[MRG] Remove preprocessing the data for RCA #194

wdevazelhes · 2019-04-23T06:54:19Z

Fixes #125

This PR removes the preprocessing of the data in the algorithms.

TODO:

when the uniformized init is merged [MRG] Uniformize initialization for all algorithms #195, ensure that the ChangedBehaviorMessage explains that in some cases 'pca' init is not used as before, and in order to use it one should set the 'init' parameter --> done in [MRG] Uniformize initialization for all algorithms #195
add a small test to test the newly changed warning for RCA when the inner covariance matrix is singular

wdevazelhes · 2019-04-23T07:07:02Z

metric_learn/rca.py

-    if self.pca_comps is not None:
-      pca = decomposition.PCA(n_components=self.pca_comps)
-      X_t = pca.fit_transform(X)
-      M_pca = pca.components_


Note that this code was giving a PCA initialization at the same time, so for now we'll remove it, but I think I'll do the PR about initialization before merging this PR into master, and then we can merge it into this PR to keep the same possibility of initialization with PCA

bellet · 2019-04-23T12:14:54Z

There is still a warning that mentions pca_comps to update. if the matrix is low-rank (due to high dimension compared to the number of points) , we can suggest the user to use a dimensionality reduction technique such as PCA as preprocessing. Unless we have a better idea

# Conflicts: # metric_learn/rca.py # test/metric_learn_test.py # test/test_base_metric.py

wdevazelhes · 2019-06-06T15:57:46Z

I think this PR is ready to merge as soon as the initialization PR is merged (#195)

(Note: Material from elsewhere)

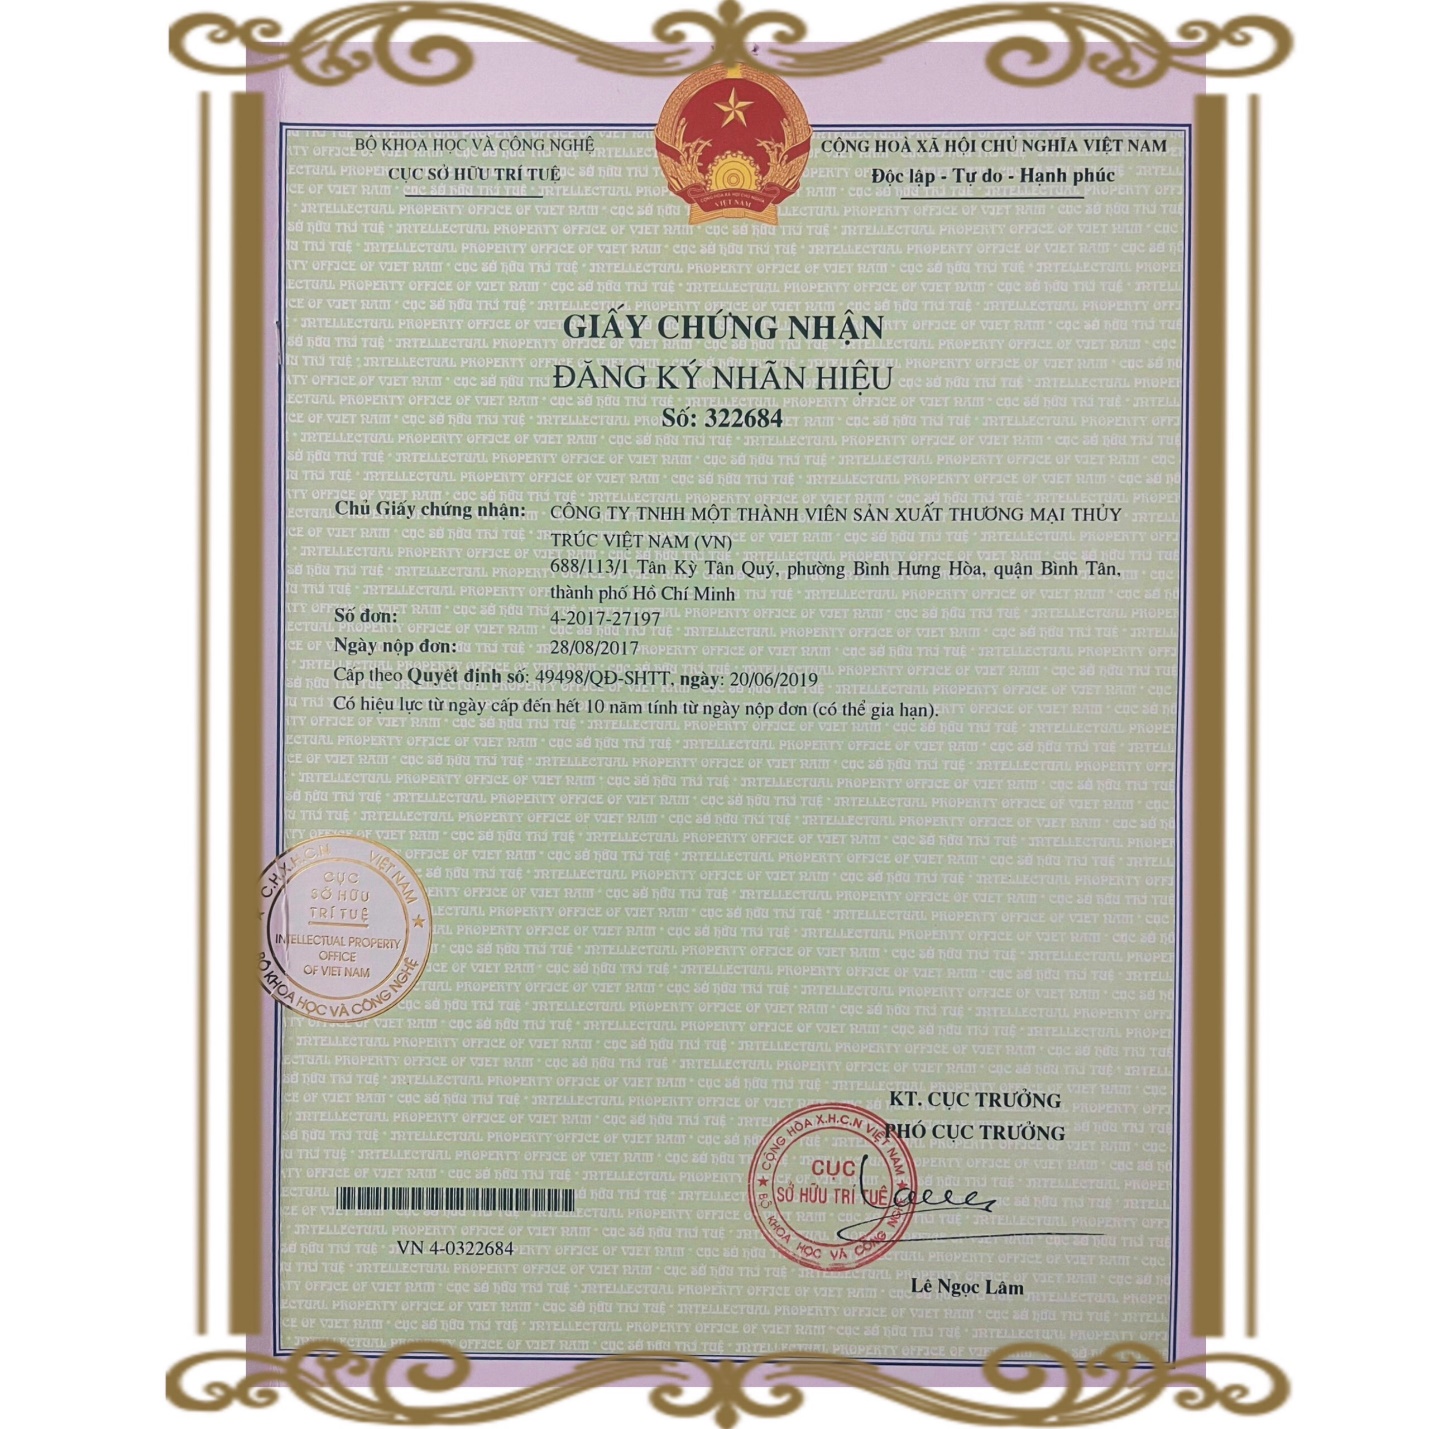 Mỹ phẩm “Miền Thảo Mộc” được Cục Sở hữu Trí tuệ Việt Nam cấp văn bằng bảo hộ độc quyền - 1

# Conflicts: # metric_learn/rca.py # test/metric_learn_test.py # test/test_base_metric.py

wdevazelhes · 2019-06-11T07:36:56Z

@bellet @perimosocordiae I guess this PR is ready to merge now

bellet · 2019-06-11T08:22:15Z

metric_learn/rca.py

-      X_t = pca.fit_transform(X)
-      M_pca = pca.components_
-    else:
-      X_t = X - X.mean(axis=0)


why is this centering step gone?

I guess because we should remove any pre-processing step, but I agree I didn't talk about it at all, maybe we should keep the ChangedBehaviorWarning message below, but rather replace "no longer trained on a preprocessed version" by "no longer trained on centered data by default", and encourage to use a "StandardScaler" if needed ?

Fair enough (I double-checked and this centering is not part of standard RCA)
Maybe keep ChangedBehaviorWarning but change to "no longer center the data before training RCA" (no need to mention scaler I think)
And in the deprecation warning, add the fact that PCA preprocessing should now be done by the user

Finally, have you checked the influence of removing the centering step on the examples?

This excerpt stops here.